Is it true that polynomials in quadratic variables are dense in the vector space ${\mathbb{R}}[x_1,\ldots, x_n]_d$? In other words, it every polynomial of degree $d$ a limit of polynomials of degree $d$ in quadratic variables?

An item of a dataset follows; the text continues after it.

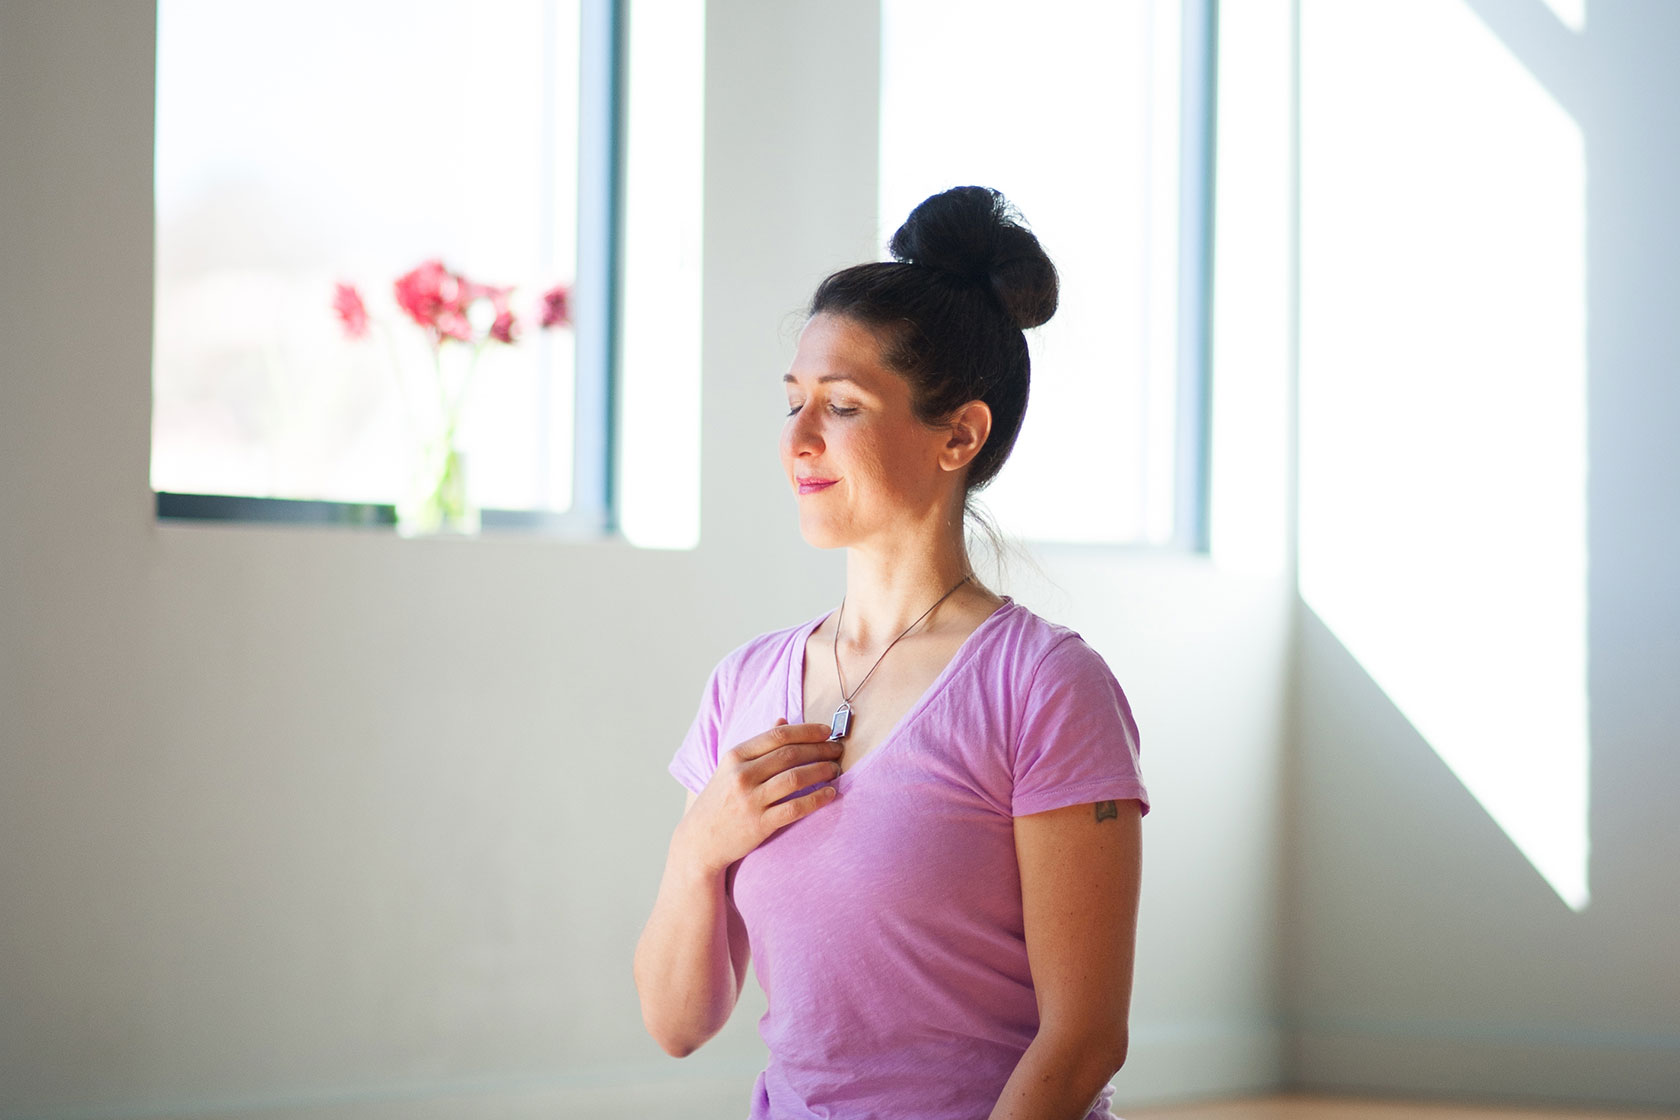 Intro to Heartfull Meditation | Purna Yoga 828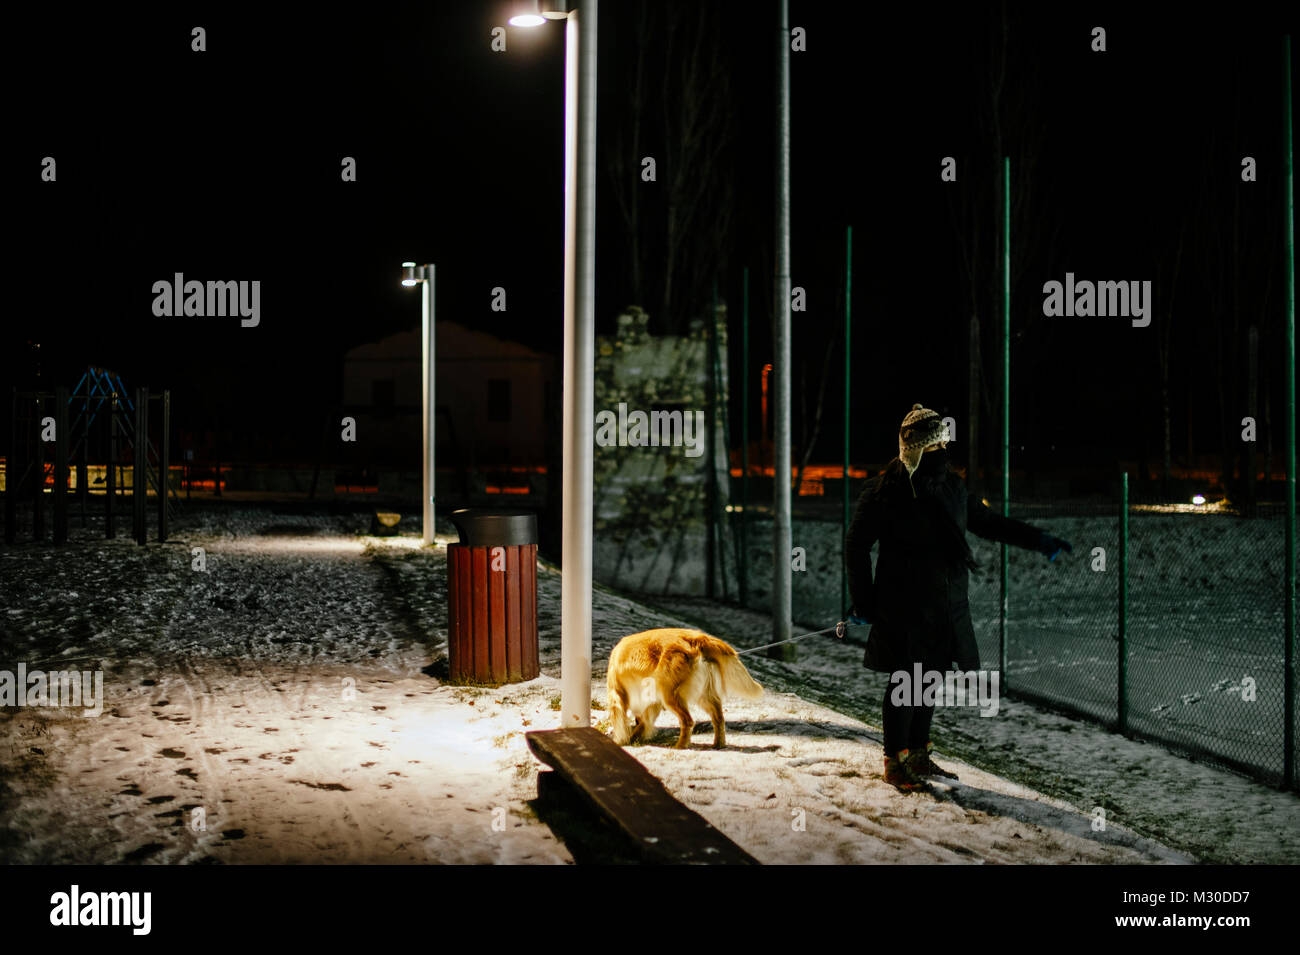 https://c8.alamy.com/compes/m30dd7/mujer-con-sombrero-camina-por-la-noche-con-el-perro-con-una-correa-iluminado-por-la-luz-de-una-lampara-de-la-calle-sobre-la-avenida-cubiertos-de-nieve-m30dd7.jpg

Edit: In response to Pete, Ewan's and Darij's comments, I will rephrase this question in terms of ring automorphisms. Firstly, let's ignore odd degree polynomials. In the language of linear change of variables, let $V$ be a real vector space space of dimension $n$. Consider the ring $\mathbb{R}[x_1^2,\ldots, x_n^2]$. Each choice of basis $\mathcal{B}=\{v_1,\ldots, v_n\}$ of the vector space $V$ induces a ring monomorphism $\mathcal{B}_*:\mathbb{R}[x_1^2,\ldots, x_n^2]\to Sym(V)$ to the symmetric algebra on $V$. This monomorphism is given by extending the map $x_i^2\mapsto v_i$.

Is every even degree element of $Sym(V)$ in the image of some induced monomorphism $\mathcal{B}_*$?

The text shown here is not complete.